Services available can be viewed with kubectl get service in a particular namespace. The service name for a NAIS Application is the same as the Application name (metdata.name) and is the same across any cluster where the Application is deployed. This allows for simpler configuration.

graph LR
  accTitle: Service Discovery
  accDescr: The diagram below how Pod A can communicate with Pod B through a Service.

  pod-a --port 80--> service-b
  service-b --port 8080--> pod-b-1
  service-b --port 8080--> pod-b-2

  pod-a[Pod A]

  subgraph "Application B"
    pod-b-1[Pod B]
    pod-b-2[Pod B]
    service-b[Service B]
  end

Google Cloud Platform

Warning

Ensure that you've set up proper access policies for your applications.
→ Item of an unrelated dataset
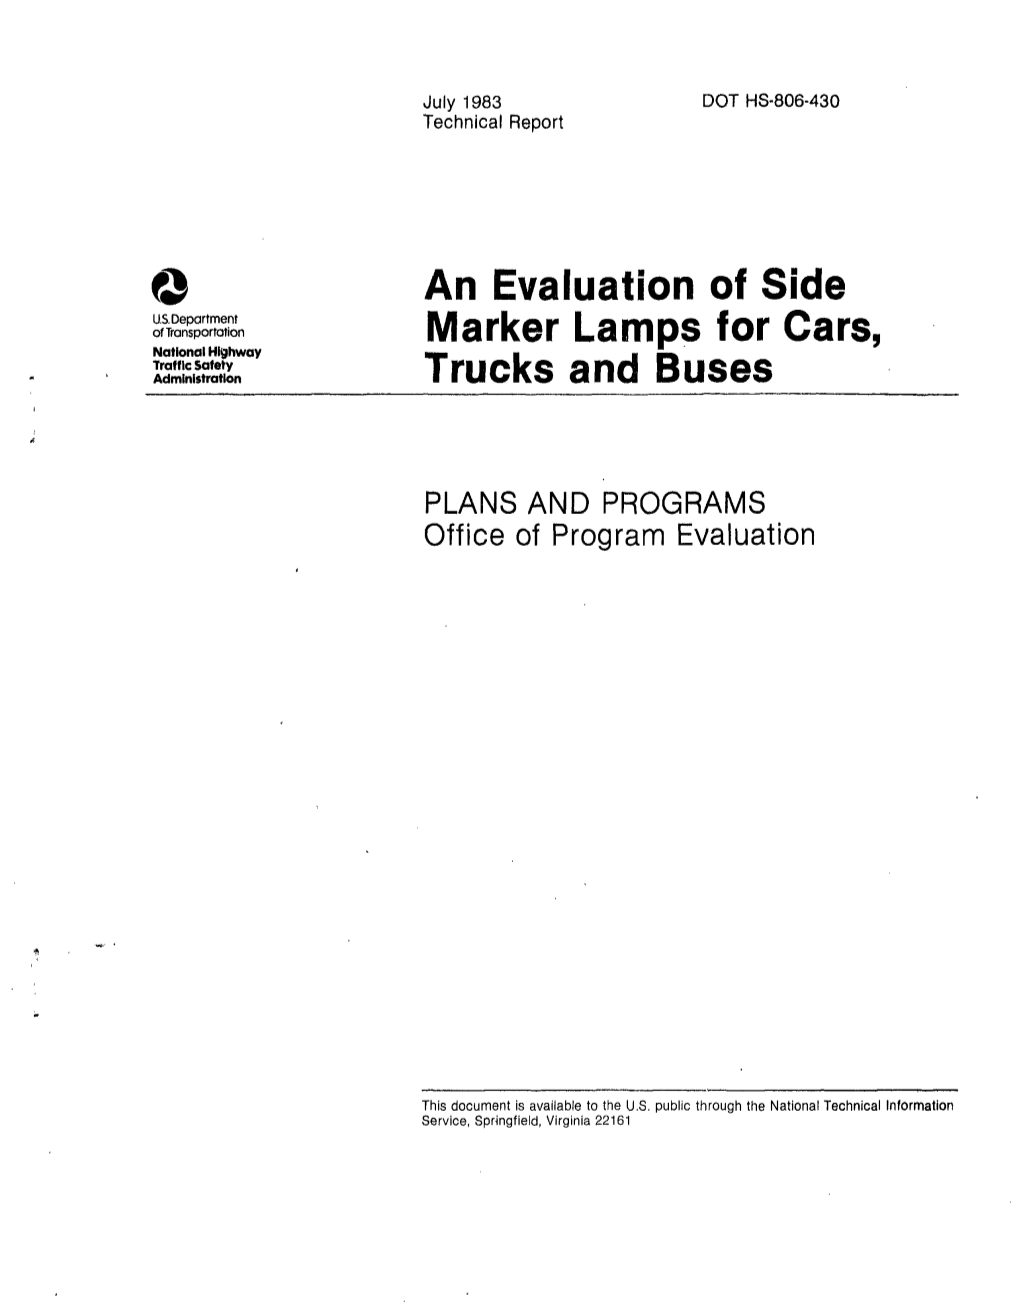 An Evaluation of Side Marker Lamps for Cars, Trucks and Buses

The full hostname of a service on GCP follows this format:

http://<service-name>.<namespace>.svc.cluster.local

On-prem

The full hostname of a service on-prem follows this format:

http://<service-name>.<namespace>.svc.nais.local

Short names

You often won't need to use the full hostname to contact another service.

If you’re addressing a service in the same namespace, you can use just the service name to contact it:

http://<another-service>

If the service exists in a different namespace, you must add the appropriate namespace:

http://<another-service>.<another-namespace>

Note for on-prem

If your application has webproxy enabled, you should use the full hostname for all service discovery calls.

This is to ensure that your application does not attempt to perform these in-cluster calls through the proxy, as the environment variable NO_PROXY includes *.local.